Par contre, la dernière partie, censée amener le « pari du nous », est d’un style plus polémique, plus dans les « affects », nous y reviendrons.
Les trous de la passoire historique
Il faut conseiller la lecture de cette première partie historique car elle fait remarquablement le point sur la manière dont fut pris en charge – ou non – la lutte contre le colonialisme, comme horizon logique de la lutte des classes et comme activité concrète du mouvement ouvrier organisé.
Marx, Engels, Lénine sont bellement mis à contribution et un tournant est justement décelé dans les années 1930, sans que le nom de Staline soit jamais prononcé, ni celui de l’internationaliste Trotski.
D’une manière générale, l’extrême gauche est absente de l’analyse. Les maoïstes sont cités une fois, au détour d’une phrase, mais l’extrême gauche révolutionnaire n’est vraiment évoquée que lorsqu’il s’agit des élections : « Voter pour l’extrême gauche, c’est rare. Voter, c’est voter blanc… »
Qu’il y ait eu un creuset anticolonialiste dans les métropoles – Ho Chi Minh ou Césaire adhérents au PCF, adhésions suivie de ruptures émancipatrices, – que l’extrême gauche, et particulièrement l’extrême gauche trotskiste, ait participé à toute sorte d’actions de soutien à des aventures libératrices, souvent en position de soutien sans rôle dominant, de la Guerre d’Algérie – seul le Réseau Jeanson est cité par Houria Bouteldja – aux guérillas d’Amérique Latine, me semble être un angle mort de son analyse.
Finalement, les internationalistes ne seront convoqués que lorsqu’elle elle-même envisagera que ses propos sur l’Etat-national pourraient « hérisser le poil de tout bon internationaliste qui se respecte ».

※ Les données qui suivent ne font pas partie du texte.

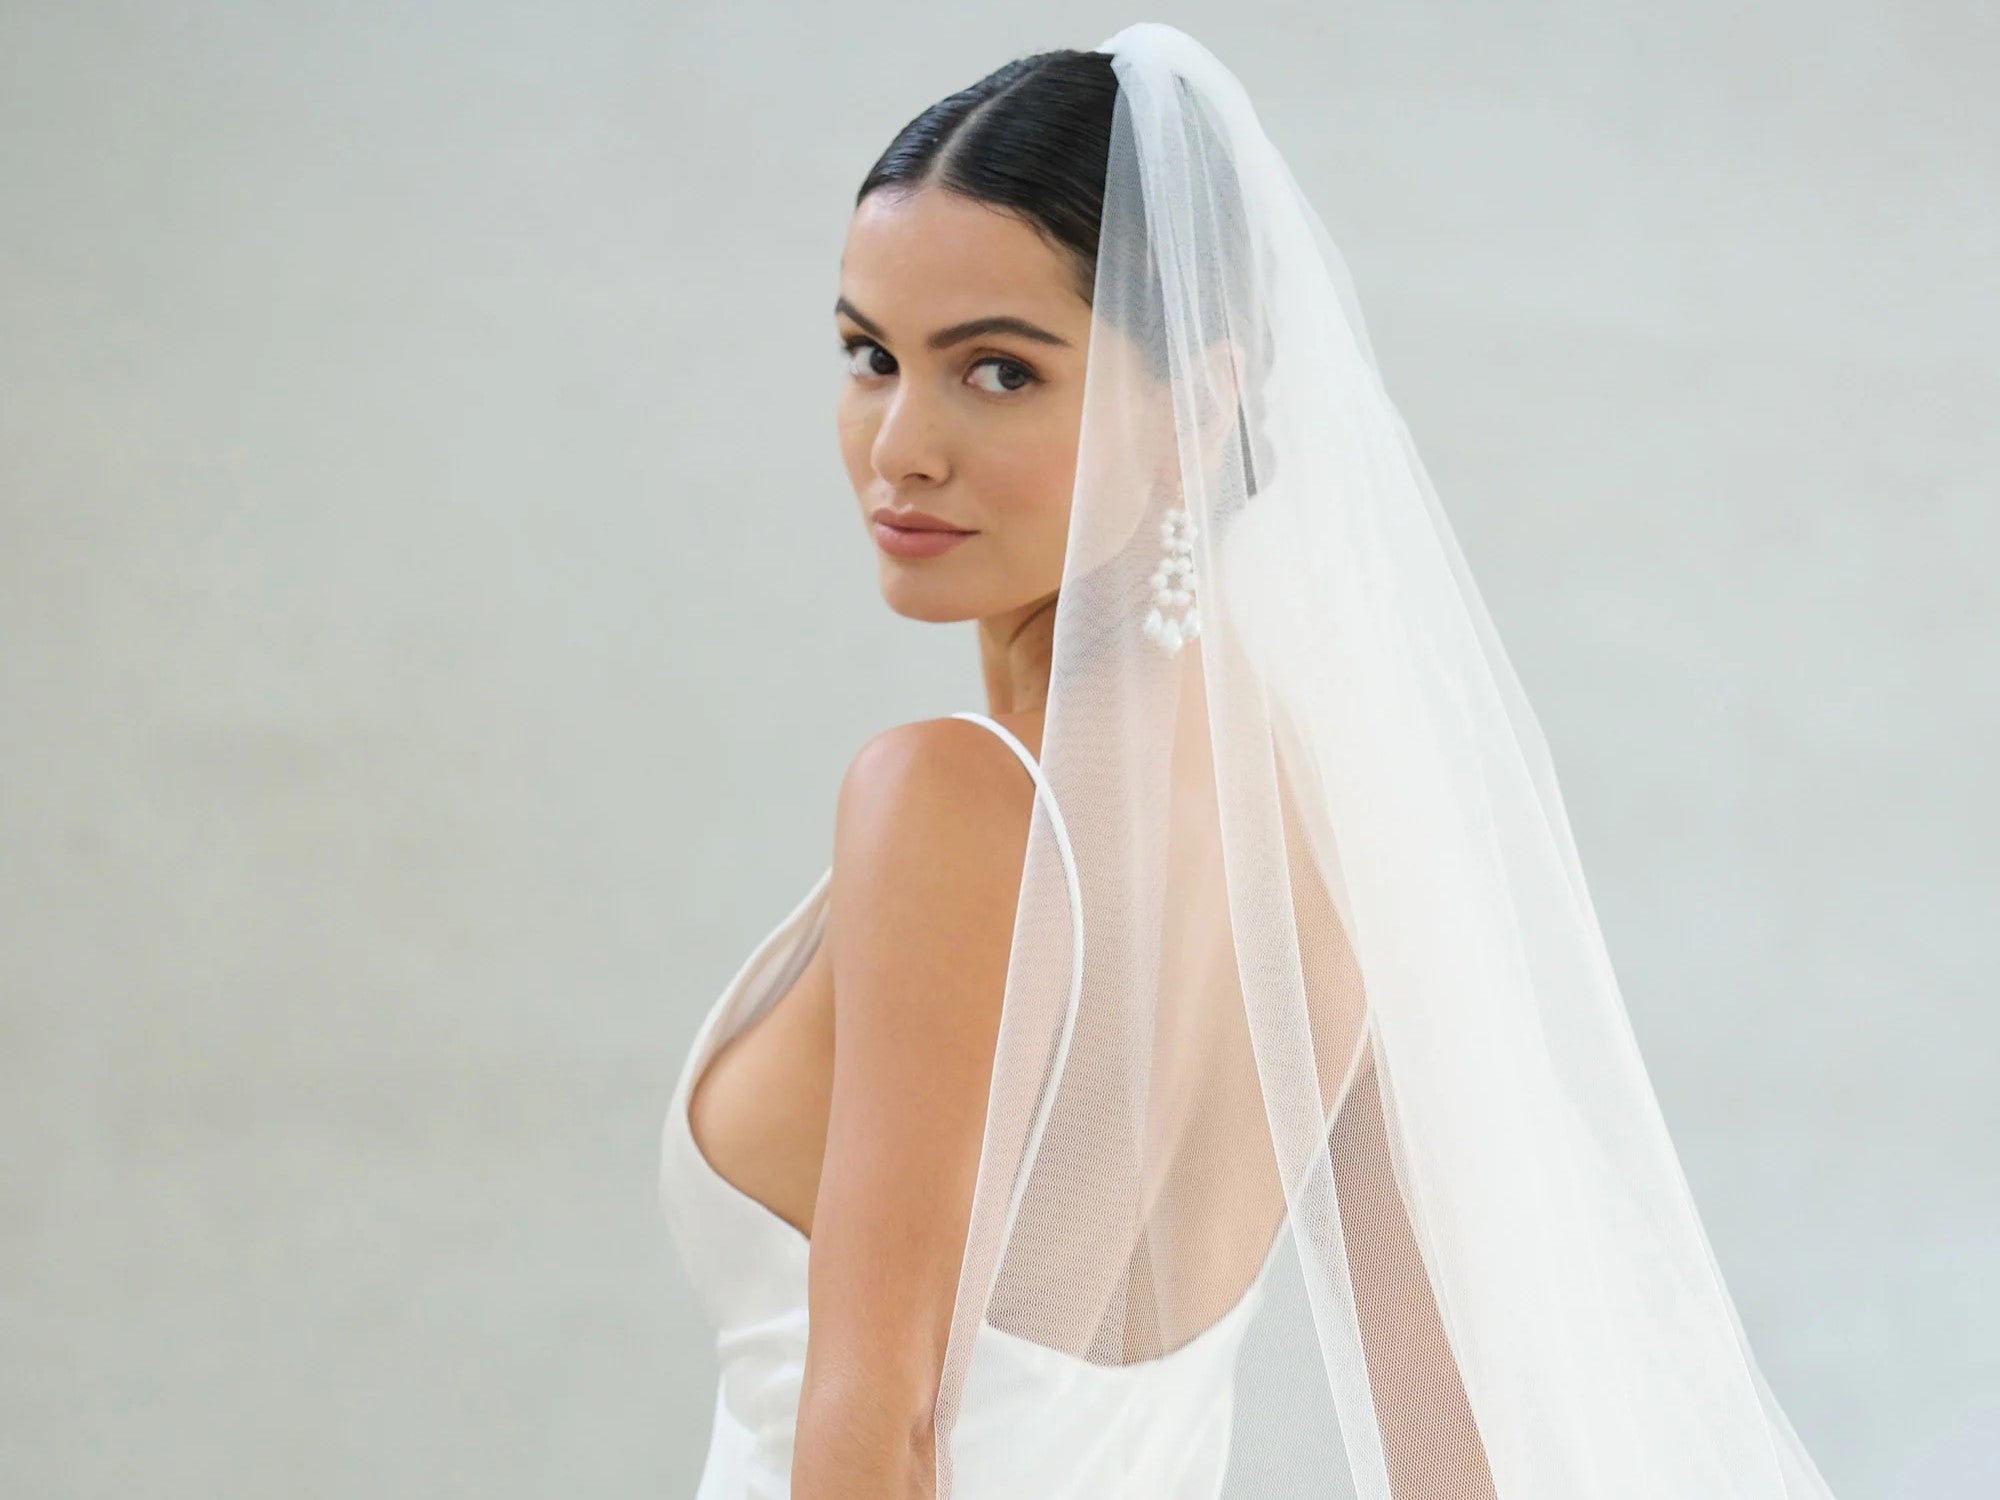 Plain Veil Designs For Every Bride
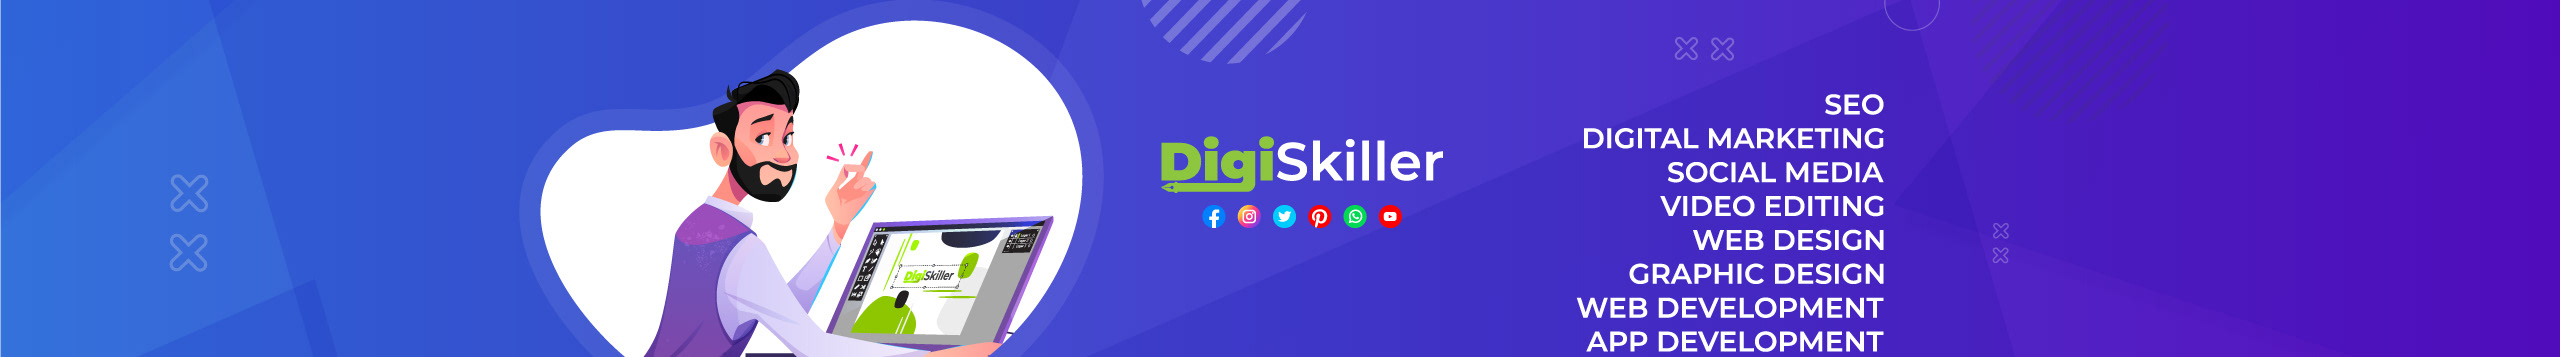 Banner de perfil de DigiSkiller Graphics

Race en soi, race pour soi ?
On connaît la différenciation faite par Marx, reprise par Lukacs, entre « classe en soi » et « classe pour soi ». La classe en soi existe objectivement par les rapports sociaux, l’interaction entre ses membres. La classe pour soi se construit par l’acquisition d’une conscience de classe. Ce qui conduit souvent, à l’extrême gauche, d’une part à des stratégies visant à faire exploser les contradictions entre l’idéologie dominante et les situations objectives dans lesquelles sont confinés les travailleurs, telle celle du « programme de transition » et d’autre part à la désespérante constatation de la défaillance du « facteur subjectif » de la Révolution
Comme le rappelle Daniel Bensaïd, Marx reproche précisément à Proudhon de « traiter la société comme une personne ». Dénonçant cette « fiction de la société personne », il raille ceux qui « avec un mot font une chose ». Son approche interdit de traiter la classe comme une personne ou comme un sujet unifié et conscient, à l’image du sujet rationnel de la psychologie classique »
Et qu’en est-il de la « race » ? La race n’existe que par sa construction sociale et politique. Il faudrait sans doute dire « les » constructions tant, historiquement et géographiquement, les races ont été différemment déterminées, en fonction des intérêts de la Bourgeoisie capitaliste.
Le mot « indigène » est utilisé par Houria Bouteldja,. L’apport de ce mot a été très utile depuis le Manifeste des Indigènes de la République. Il apparaît comme le mot du désir d’une prise de conscience de la « race pour soi », avec toute sa charge émancipatrice. Mais son caractère univoque n’échappe pas à la critique de Marx, dans la manière dont l’emploie Houria Bouteldja à la fin du livre.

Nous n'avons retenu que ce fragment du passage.